MANILA, Philippines – The Bangko Sentral ng Pilipinas (BSP) will soon allow all banks to provide microfinancing to the agriculture sector as part of efforts to spur lending in the countryside, BSP Governor Amando Tetangco Jr. said over the weekend.
This as the BSP is expanding the existing program with the Rural Bankers Association of the Philippines (RBAP) dubbed as the Microenterprise Access to Banking Services (RBAP-MABS).
The policy-making Monetary Board approved last week the expansion of the credit program to include all other banks, mostly rural banks that were not part of the previous program.
“It was a limited program but now it will be open to all,” Tetangco told reporters.
Under the program, banks will provide small agricultural farmers these microfinance loans or the so-called high-frequency loans because of the frequent payment schemes.

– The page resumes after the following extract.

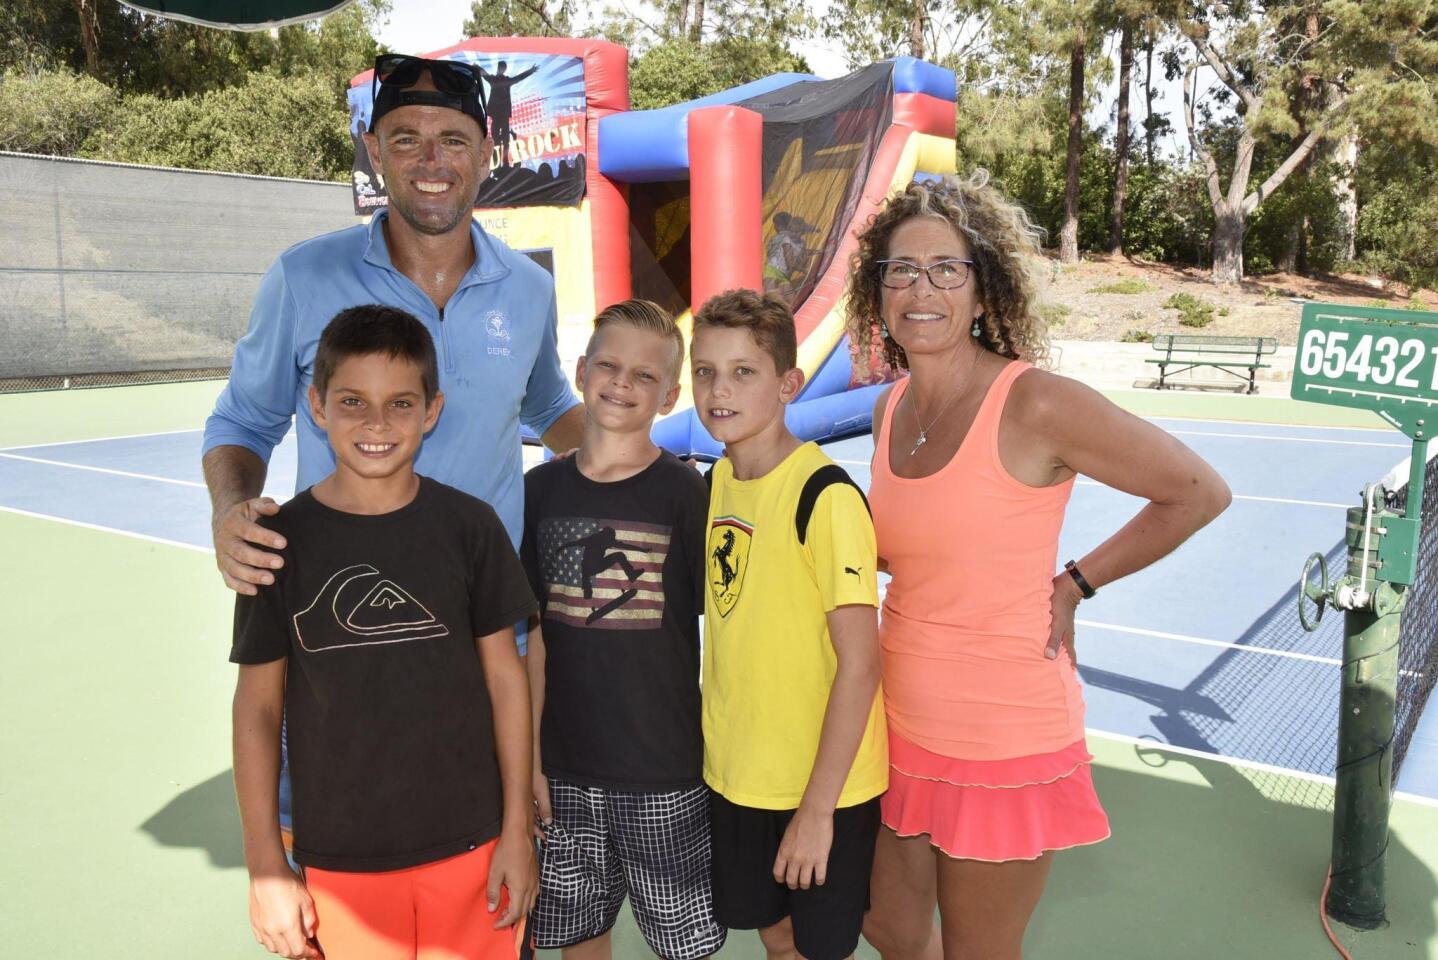 Head tennis pro Derek Miller with his sons Blake and Logan, friend/tennis student Sasha, event coordinator Birgitte Bradshaw

Loan amortization can be as frequent as weekly or monthly.
The loans can be used to purchase farm inputs such as fertilizer, Tetangco noted.
Microfinance loans — usually up to P150,000 — also have no collateral requirements, cash flow and character based lending, with small and frequent amortizations, as well as simple documentary requirements.
He said these loans would help boost farmers’ output and consequently strengthen economic growth in the country.
However, he said banks need to have the technological capacity to engage in this type of lending. “To engage in microfinance lending you have to have the right technology,” he said.
Tetangco said the BSP is set to issue the circular next week, as a follow-through to the existing circular that implements the RBAP-MABS program as early as 2005.
The RBAP-MABS approach to agricultural microfinance was developed in 2004 with the aim of addressing the need of small farmers for formal agricultural financing.
Having worked with rural banks since 1998, the MABS program believes that the rural banks, strategically located in the countryside, are in the best position to provide financial services to the small farmers and fisherfolk who constitute 90 percent of the total farmers and fisherfolks in the country. –Iris C. Gonzales (The Philippine Star)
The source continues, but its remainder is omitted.